The quiet, twisting, pock-marked roads of the Scottish highlands are a world away from the smooth highways and glitz of Los Angeles, where we last drove the BMW i8. Now it’s got nowhere to hide, is this carbon fibre, petrol-electric supercar just as good as we first thought?
There’s something about the contrast of desolate hills and deserted roads with the i8’s cutting-edge design that makes the car stand out more than we ever imagined. The drivers and pedestrians we did pass gawped and pointed with amazement – it must be like seeing a Stealth Bomber land at your local airstrip.
And if it wasn’t for the BMW i8’s attention-grabbing looks, stealth is something it could do very well. Set off in the default Comfort setting and it’ll run purely on the near-silent electric motor that powers the front wheels.
Avoid flooring the throttle and stay below 75mph, and the 1.5-litre three-cylinder turbo that powers the rears won’t fire into life at all – at least, until the batteries are depleted after about 15 miles of normal driving.
It feels relaxed, smooth and as quick as a Ford Fiesta ST. Pushing the throttle near the floor or selecting Sport mode starts up the engine. Where you had just 129bhp before, there’s now a total of 357bhp and four-wheel drive at your disposal. Performance feels surprisingly smooth given the complicated process going on underneath the skin, and is helped by the slick six-speed auto.
The electric motor fills in for the engine at low revs where it won’t be producing much torque, then takes more of a back seat as the turbo helps rocket you through the gears and on to a limited 155mph.
To give you an idea of the performance on offer, the i8 will go from 0-62mph in 4.4 seconds, placing it firmly in Porsche 911 Carrera 4S territory. But it’s the BMW’s instant surge of acceleration that really impresses – there’s no need to wait for the revs to build, it just flies.
Some clever engineering and a bit of digital audio wizardry help ensure the tiny engine sounds good from inside the cabin, too. It’s a little muted, but the deep, rough growl is similar to Porsche’s flat-six.
However, noise and acceleration are only half the story; what about the handling? With 4WD, adaptive dampers and weighing 70kg less than the lightest Audi R8, things look promising.
The steering is light at all speeds, but never feels vague. As a result, you end up guiding the i8 with your fingertips, using the car’s quick responses and strong grip to place the nose with pinpoint accuracy. Skinny front tyres mean the car will eventually wash wide sooner than a 911, but the hybrid four-wheel-drive system means the BMW boasts plenty of traction when exiting corners. There’s also very little body roll, although the ride is remarkably smooth, with only a little firmness at low speeds.
Ultimately there are cars in this class that are a bit sharper and a bit more involving, but there’s nothing else that can match the i8’s eco credentials.

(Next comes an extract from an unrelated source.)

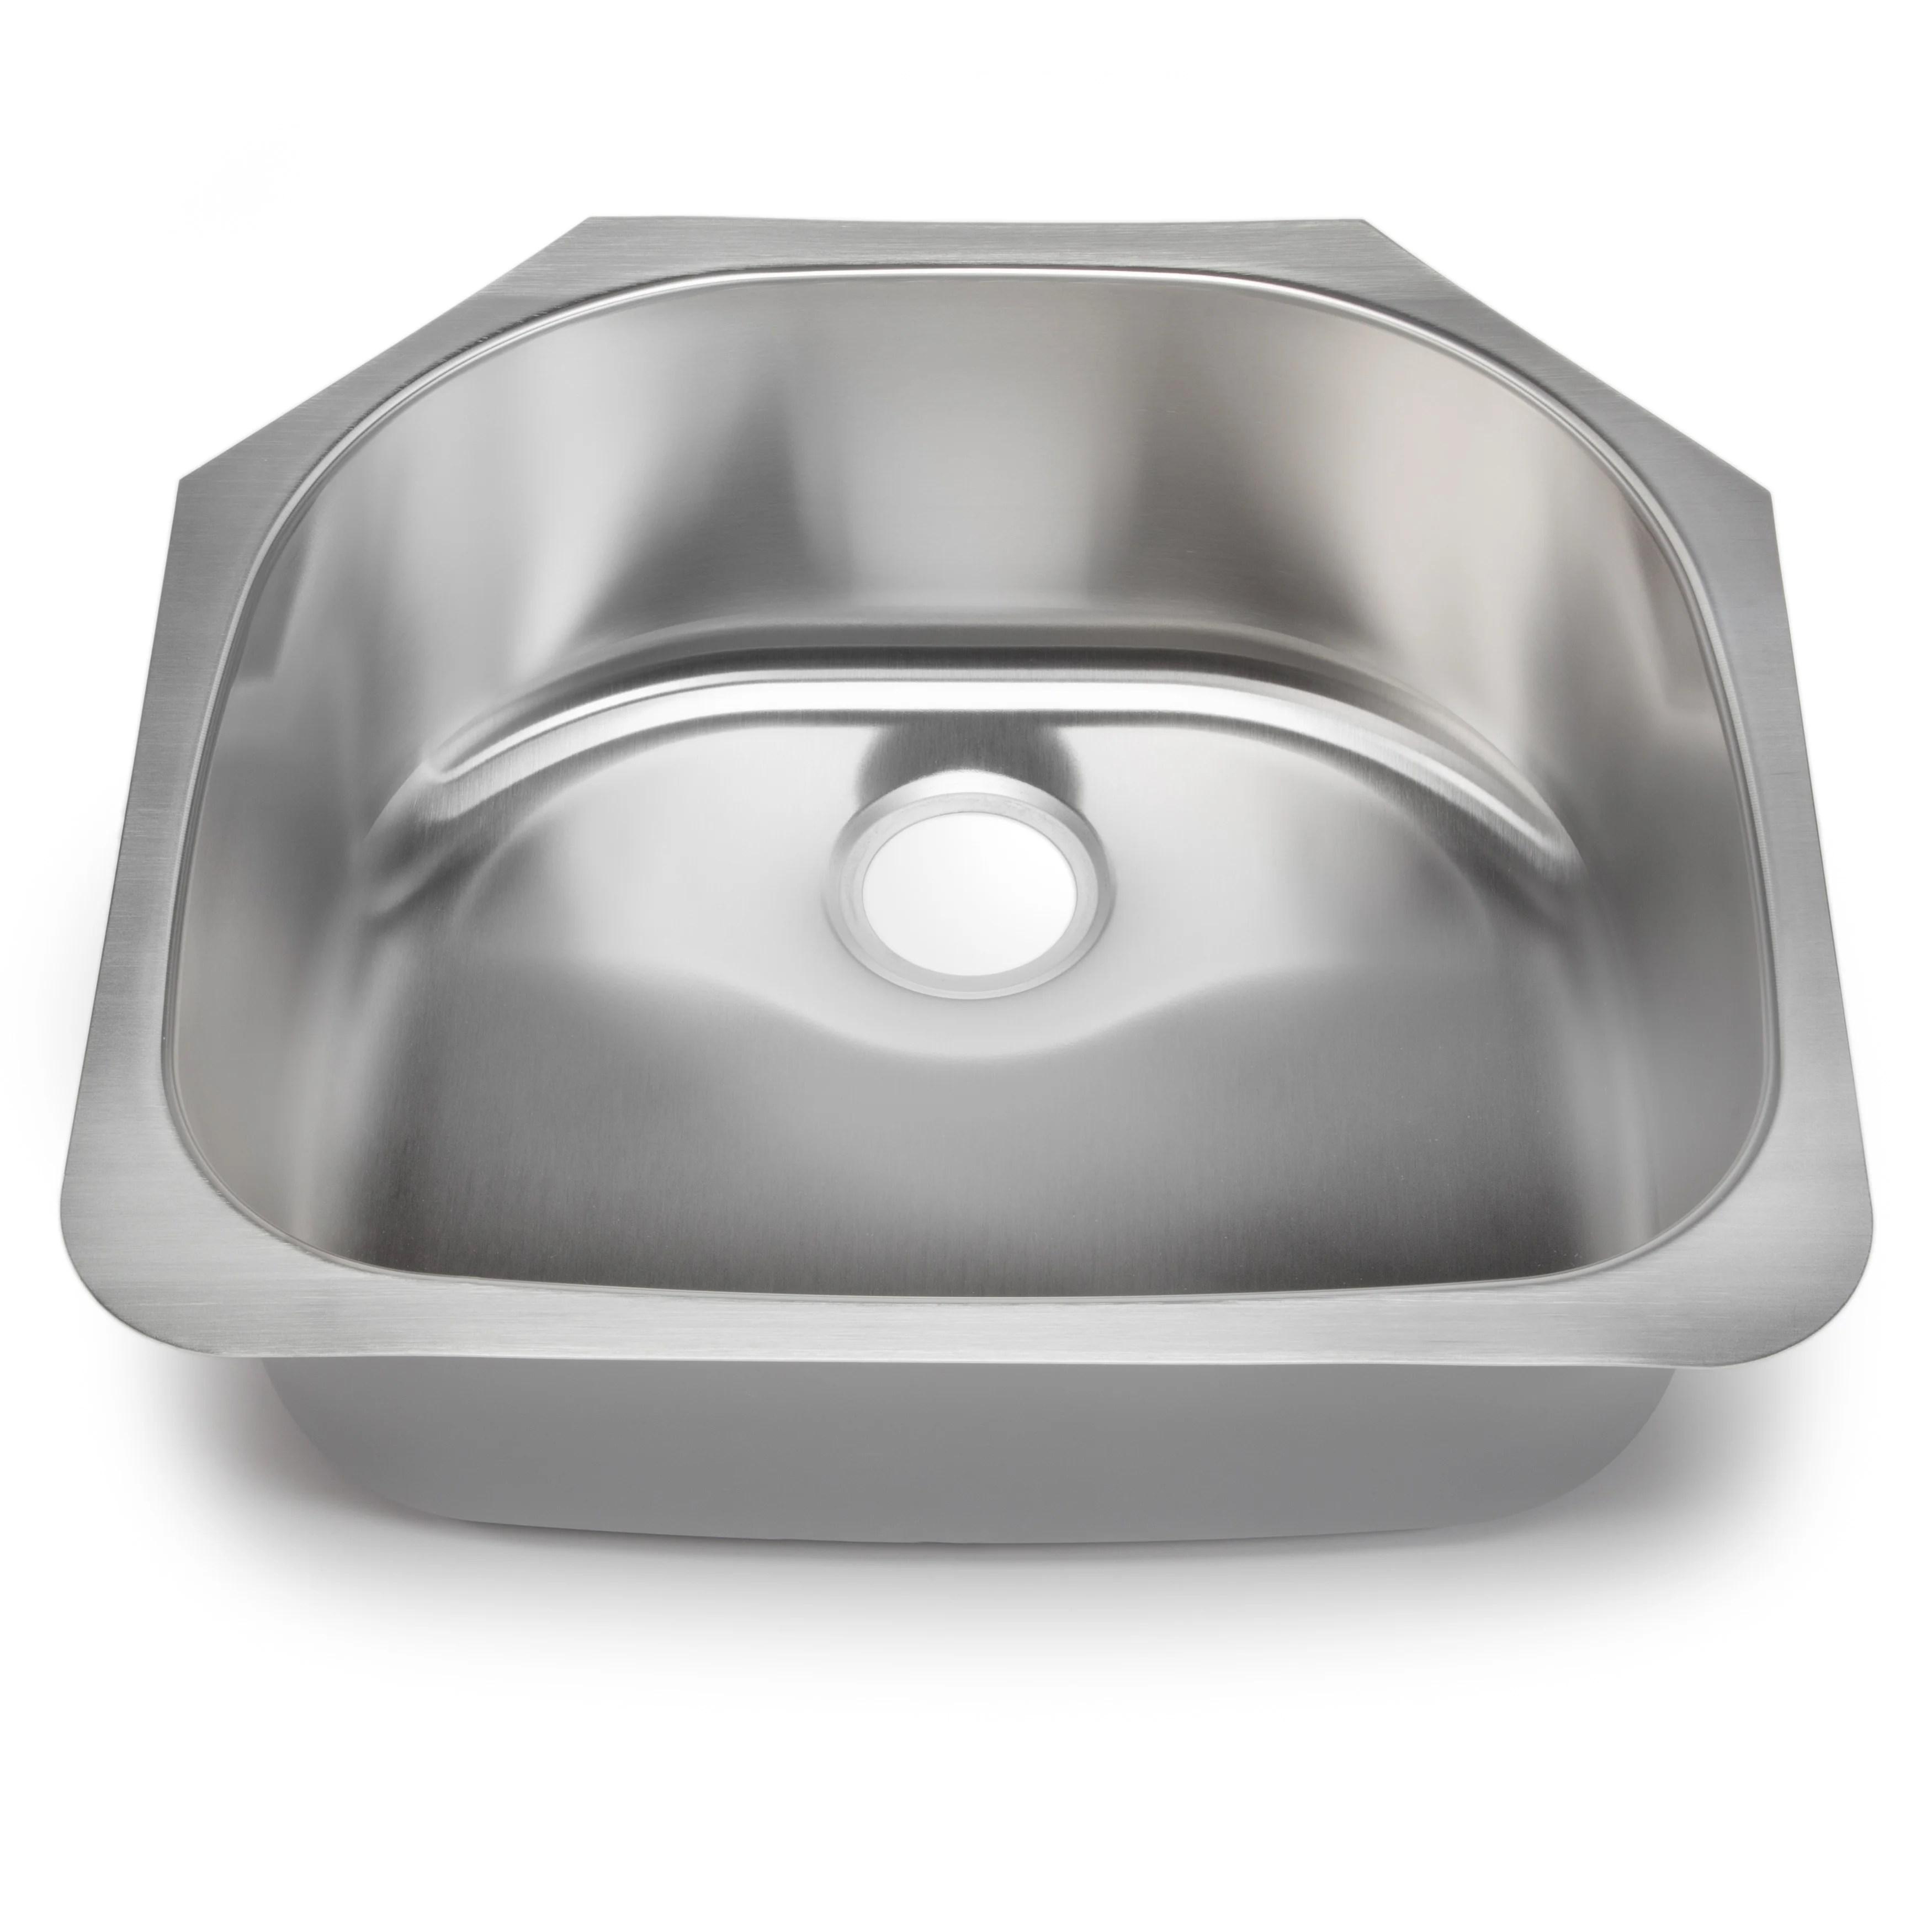 Hahn Classic Chef Series 23.38 x 21 70 30 Single Bowl Kitchen Sink SS038

Officially it can return 134.5mpg and emits a mere 49g/km of CO2, but over the course of a normal 50-mile drive you can probably expect around 50mpg. That’s some way off what BMW claims, but still mightily impressive for a car this fast.
At £94,845 (after the £5,000 Government grant) it’s a bit pricier than the £88,400 911 4S. However, once you add the i8’s adaptive dampers, heated leather seats, LED headlights, dual-clutch gearbox and parking sensors, the Porsche actually works out more expensive.